The paved yard surprised Twila, but this huge area would be a mess without it when the rains came. A line of Hormel trucks lined up along a vast warehouse, and workers hurried in and out.
The distinct odor of slaughtered animals permeated the place, so she adjusted her breathing. Up a short flight of stairs, the low hum of machines and a buzz of voices led her through some double doors.
“Hello, Miss. What can I do for you?”
“I need to deliver this to my mother.”
“And that would be Myra Brunner, sure as day.” The woman’s grin spread. “You’re the spittin’ image—probably heard that a million times. She’s busy on the floor, so you’ll have to wait.”
“How long will it be?”
“Who knows? Sometimes she doesn’t even take her break—been known to work through a full day without one.”
“Could you give her this for me, then? Actually, it’s from my brother—important papers she needs to read.”

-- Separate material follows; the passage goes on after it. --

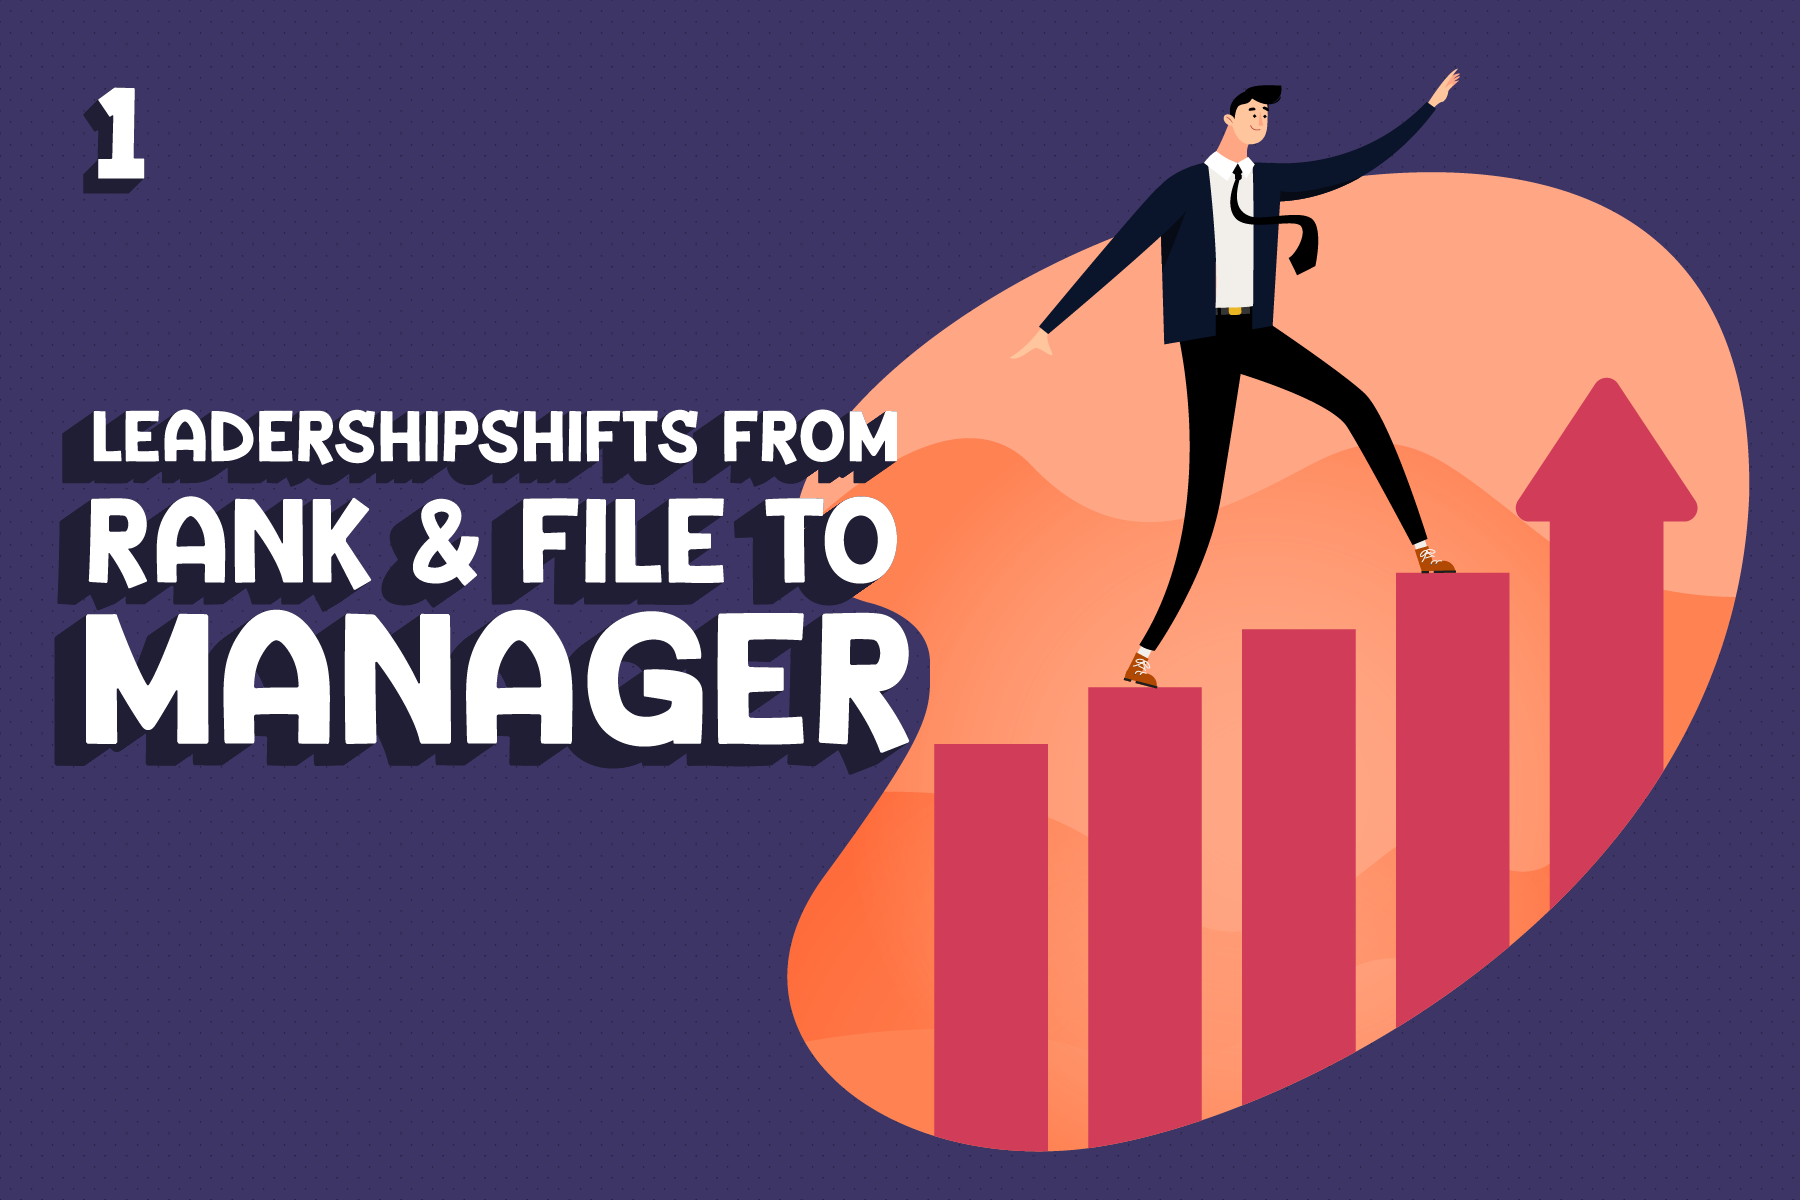 Module 1: Leadershipshifts From Rank & File To Manager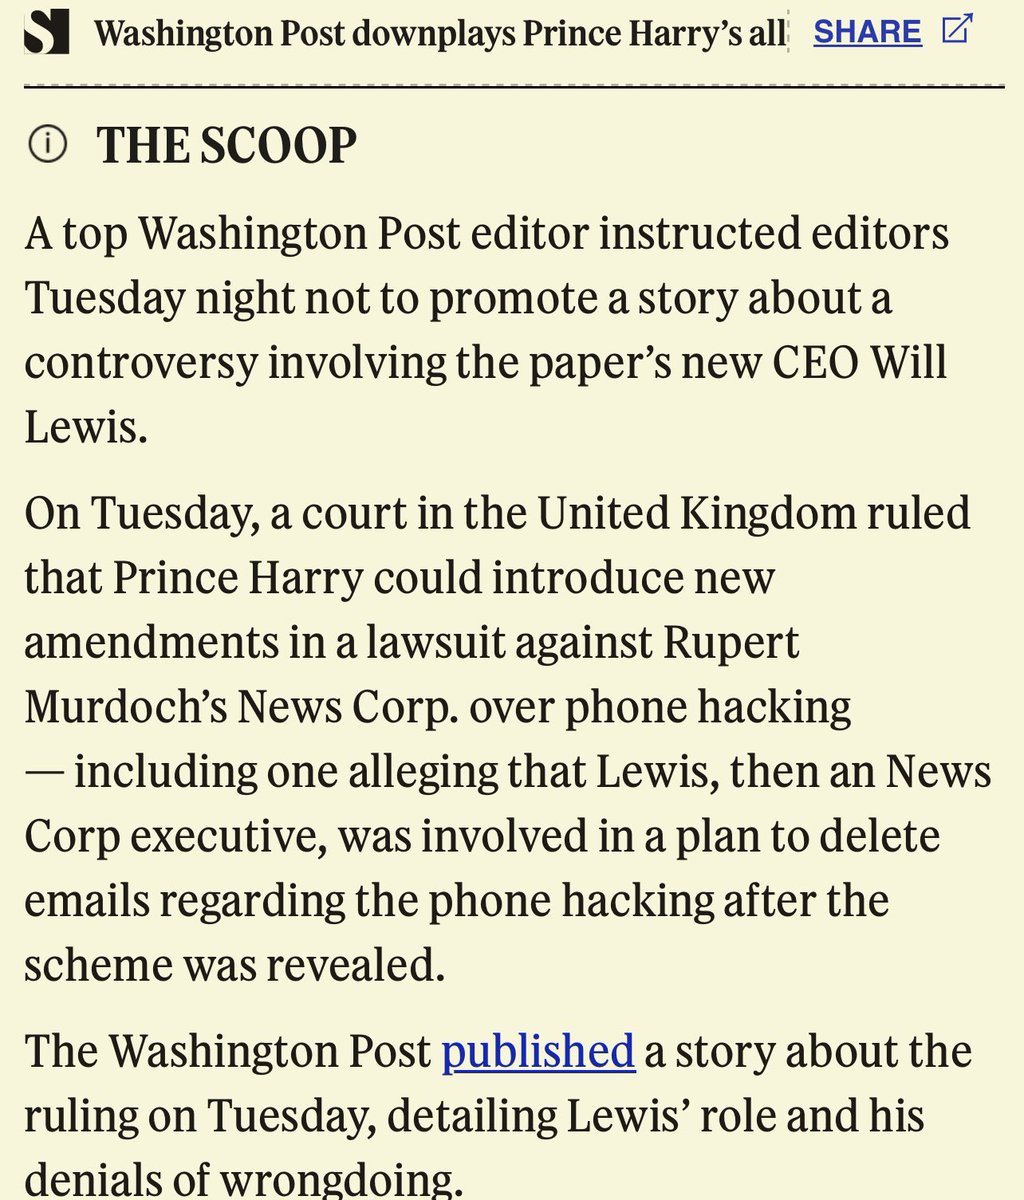 W/Post biggest mistake was hiring a criminal in the first place so of course they will do everything in their power to censor the developments of Prince Harry’s case against the BP They’re criminals H is the only one with guts to stand up to them

“You bet. I’ll put it in her locker.” The worker scribbled on a piece of paper and glanced up. “Ever been here before?”
“No.”
“Want to see where your mother works?”
Twila nodded, so the woman led her down a long hallway to a row of windows looking down on the factory.
“See her? Over under that tin awning. She’s walking the line to make sure everybody stays on track.”
“They all look the same with those uniforms and green hairnets.”
“Yeah, but your mom’s got a patch on her shirt pocket—they’re hard to come by. Not many people supervise two lines. Stay right here. I’ll be back in a minute.”
Focusing in on the awning clarified Mom’s slim profile. She gestured with her hand a couple of times, and a worker nodded. Farther along, she wrote something on her notepad.
There must be at least forty women on those two lines, looking like so many mannequins in a department store window. Except hands stayed in constant motion. The woman returned.
“See her?”
“Yes, I found her.” The double meaning moistened Twila’s eyes. Even watching Mom seemed like trespassing.
Just before she left, her guide’s eyes lit up. “I hear you’re a senior this year?”
Twila nodded.
“We’d hire you in a flash. Your mom brags about you, you know. What a worker she is!”
Waiting on the outside stairs, Twila reflected. So much responsibility—no wonder Mom’s feet ached at night and she spoke in fits and starts.
Then she remembered. Rodney had wanted to show her something. Now she understood...he had introduced her to Mom’s other world.